I really like that it gives a chance for experimentation and involvement within different aspects of fashion photography. You get to sit down with the model, make-up artist and designer, exchange ideas on what the shoot is about, work out mood boards. I worked with some LCF students who are graduating and wanted a photographer to shoot their collection. It's a fun process!
Can you tell us about the workshop you ran for LCF freshers?
Yes, I did a fashion photography workshop with students from different fields like fashion styling and creative direction. We looked at what physically goes on in a fashion shoot, how to shoot a model, building a portfolio etc.
What advice did you offer to the new students?
The main bit of advice was that university is the time to make mistakes.
Whatever you do, you can develop your own style, experiment, fail and try again.
Working professionally is different. New students should definitely experiment, make mistakes and keep going forward.

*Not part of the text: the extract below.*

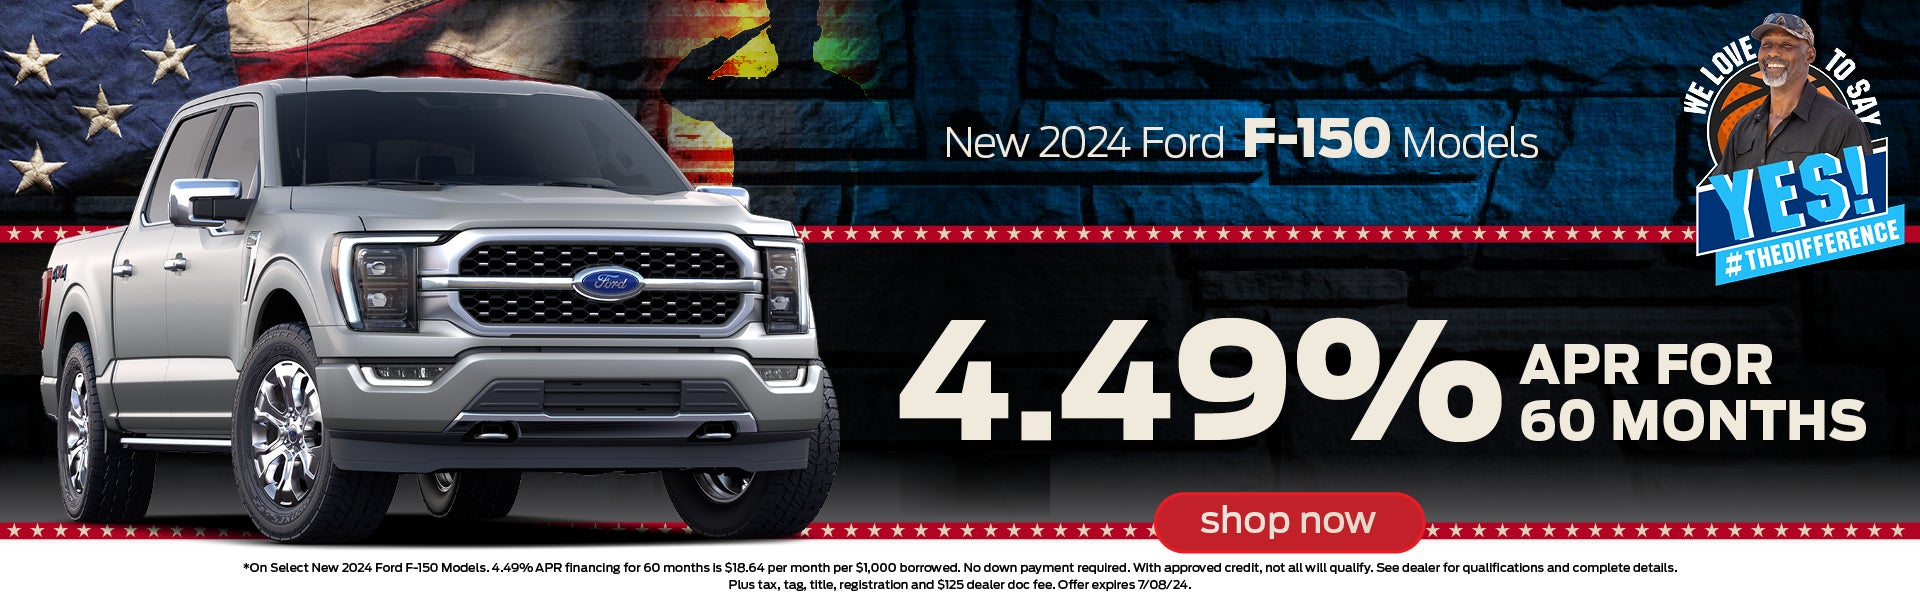 New 2024 Ford F-150 Models in El Dorado AR

What was the highlight of your degree?
The course allowed me to approach fashion photography from a deeper perspective by pulling me away from the commercial aspect of photography and pushing me more towards the artistic side. That's what I really enjoyed about the fashion photography course – I got to develop my own original style of photography. I also liked our trips, particularly New York as we went to see the Richard Avedon Foundation, his studio, all his archives and everything. If I didn't do this course I don't think I would have ever had the chance to look at Richard Avedon’s original negatives!
Could you tell me about your favourite piece of work that you’ve created?
I think where I really peaked in my thinking and my artistic side of fashion photography would be during my MA final project shoot – Social Creatures – which was based on constructing a personality as a human being, how other people see us and how we think we see ourselves. How do you construct your social identity? I really like that project because I had a team of 18 people which involved six/seven models, make-up artists, videographers, stylists and designers. Social Creatures is where I really pushed myself, which is why it’s my favourite piece of work.
Do you have a particular theme that you're interested in exploring through your photography?
My work is fashion, but it always has an undertone of fine art photography. It's not just a model or a face, it always has some meaning behind it. My personal style definitely has an undertone of fine art and lots of symbolism.